The loss of potential is more quantifiable in this case than in many others. Permit me to explain. Some years the project has not been able to sell their nominal CITES quota, which they could if US hunters could import their trophies. Even more telling is the difference in price of the markhor hunts from areas where markhor trophies are importable. In 2007, after more than a decade of effort, the hunting community was able to get approved import of a few flare-horned markhor from Pakistan. Those were listed on Appendix I, but not the ESA. The approval still took years because the USF&WS would not honor the quota set by the Parties at a CoP. Instead, it had to make its own finding and insisted upon making a biological non-detriment finding instead of the simpler finding required by CITES for trade in Appendix I trophies that the purpose of the import was not detrimental. In fact, USF&WS initially denied the import permit application. When approved after administrative appeals, the price of the trophies climbed from $45,000 to $150,000 per hunt. The next year, three hunts were sold to US hunters at a total price of $450,000. That is more than three (3) times the price that Torghar area markhor continue to sell for.

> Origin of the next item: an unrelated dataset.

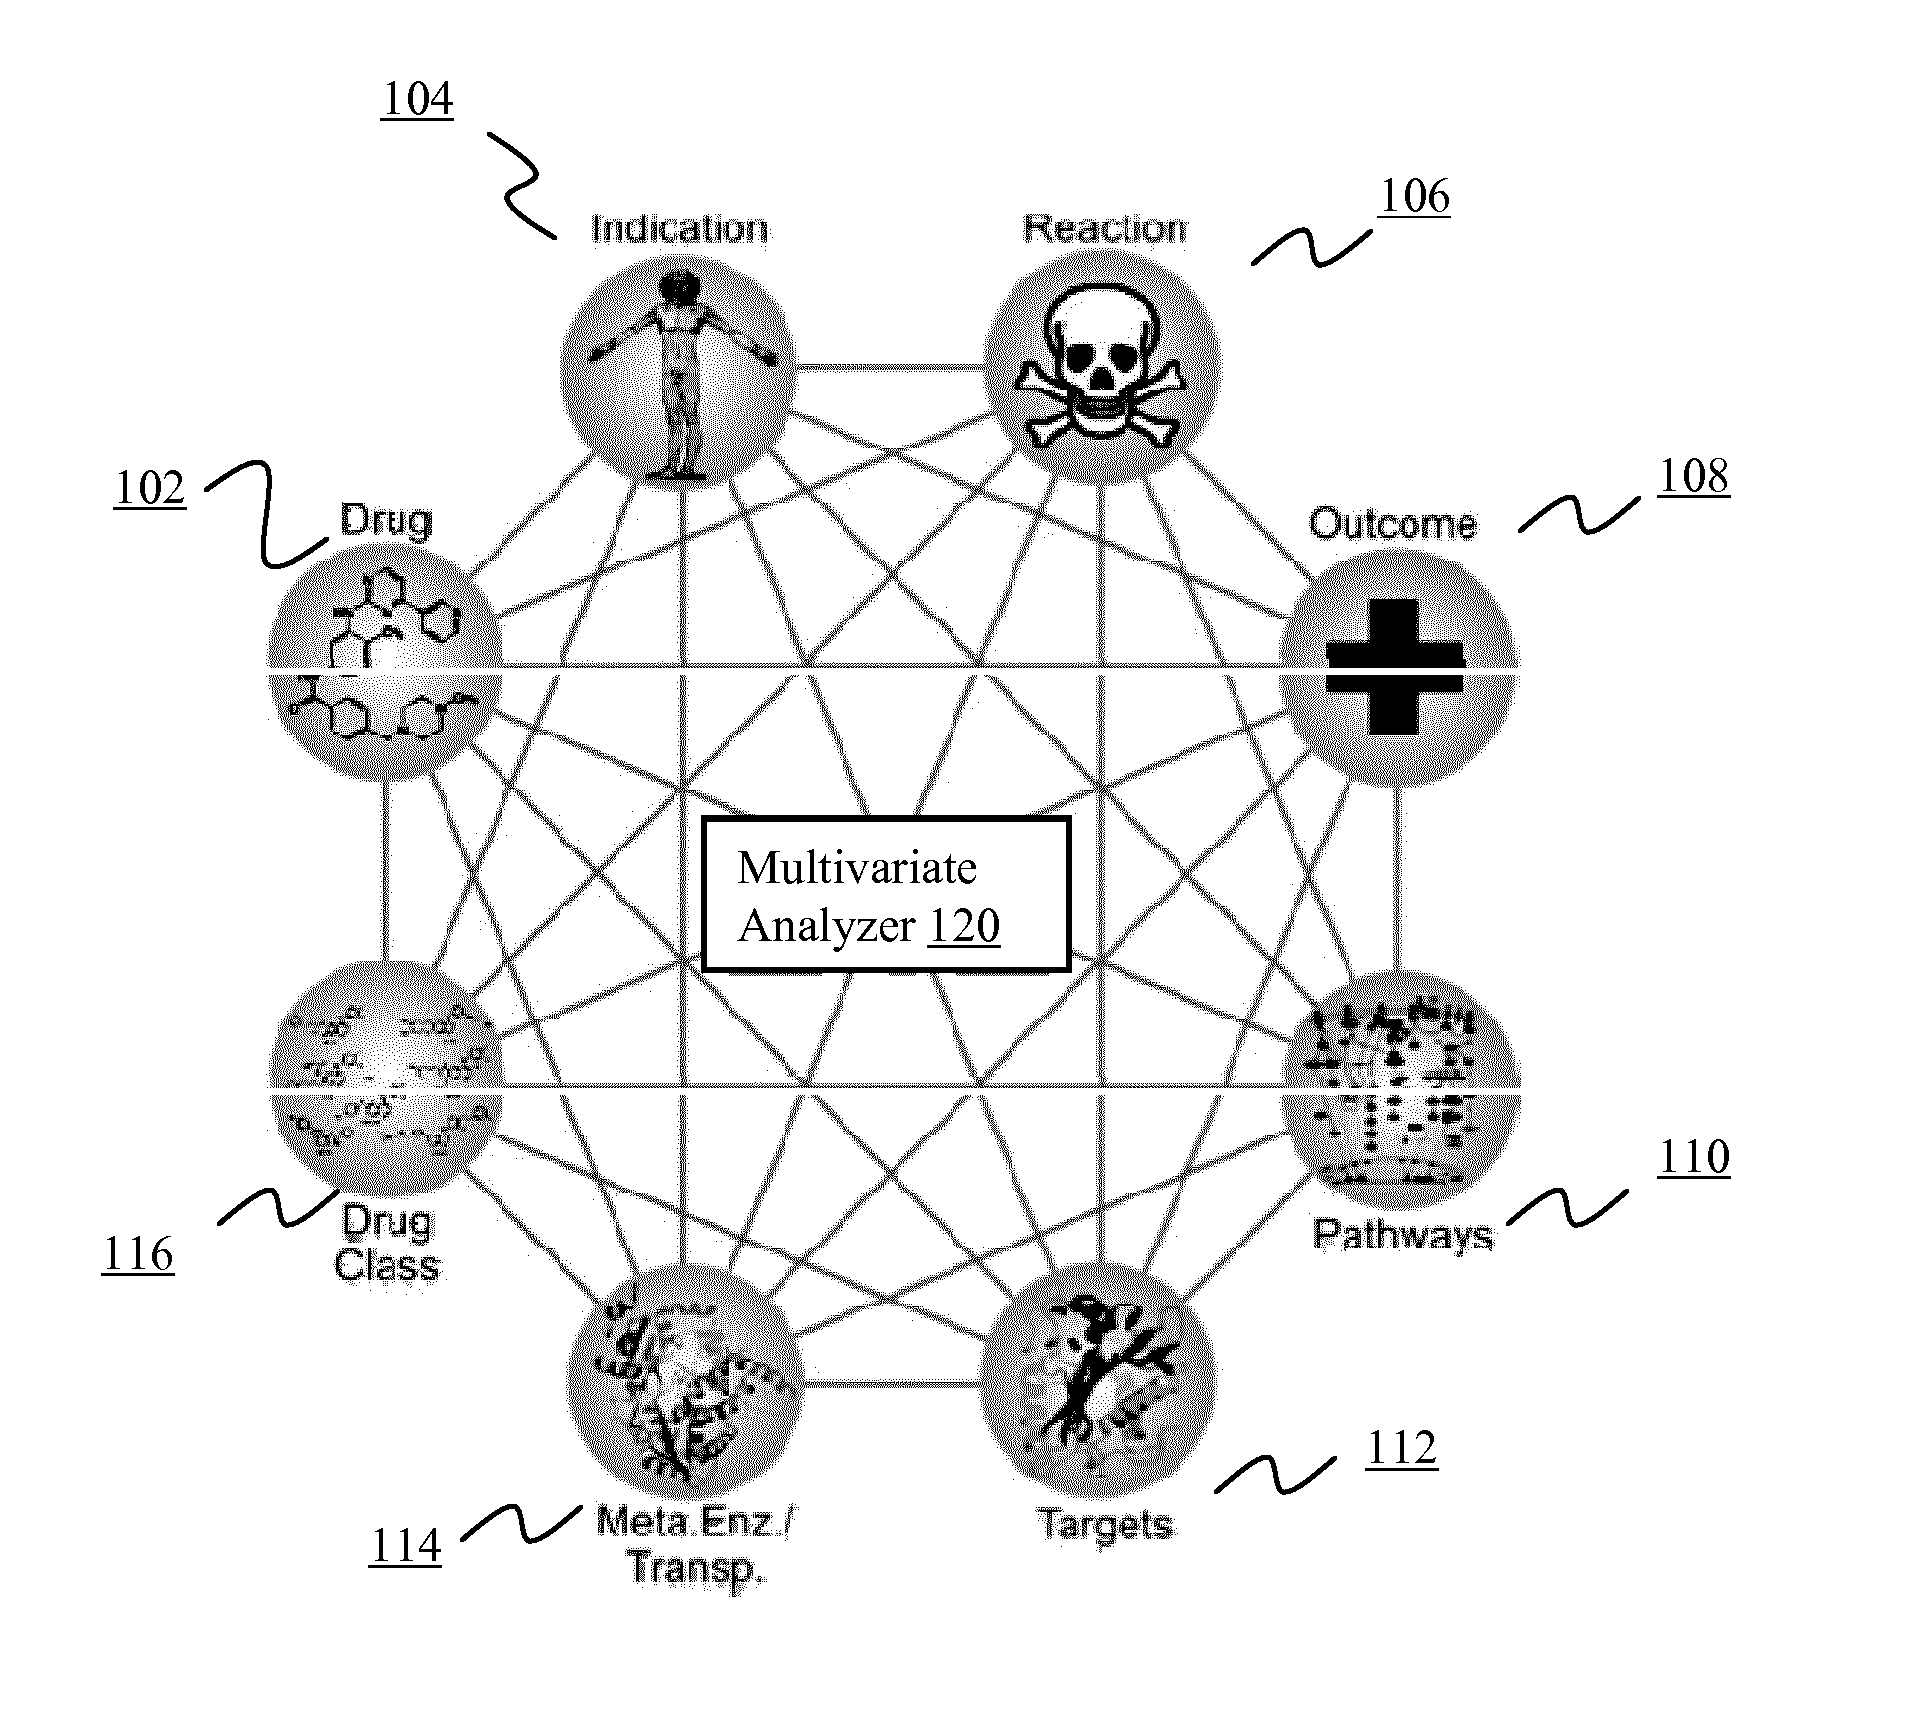 Systems and methods for multivariate analysis of adverse event data

The USF&WS has published that “[s]ince the Service cannot develop recovery plans for foreign species, priorities… must by necessity take into account the conservation programs of other countries….” In that same Federal Register Notice which stated that an ESA listing “may have potential conservation detriment for some species” and “[c]ertainly, the United States should endeavor, when possible, to recognize the conservation programs of foreign countries when based on sound science….with regard to foreign game species, fees from trophy hunters can, in some cases, provide economic incentives for landowners to maintain healthy population of game animals… [a] large percentage of international hunters are Americans who might invest in the hunting program if the species… import was permitted.” Politically, the Service has not been able to do what it knows is right and the hunting community has been ill-advised not to make an issue of it.
Despite openly coming to realize the downside of listing foreign species on the ESA and the political inability to administer the ESA responsibly, the USF&WS continues to list foreign species. The threatened listing of all polar bear in the world is the most recent example. In this instance, the listing triggered a provision under the Marine Mammal Protection Act of the US that prohibits import of all ESA listed marine mammals. The Service acknowledged the conservation benefits of the hunting in Canada, yet listed the bear over the objection of Canada. It said it could not take that into account or even consider “the efficacy of the listing” towards the bear’s conservation. The Agency listed the bear knowing it would obstruct the conservation strategy and would not provide benefits. The furor of the moment prevailed. – John J. Jackson, III.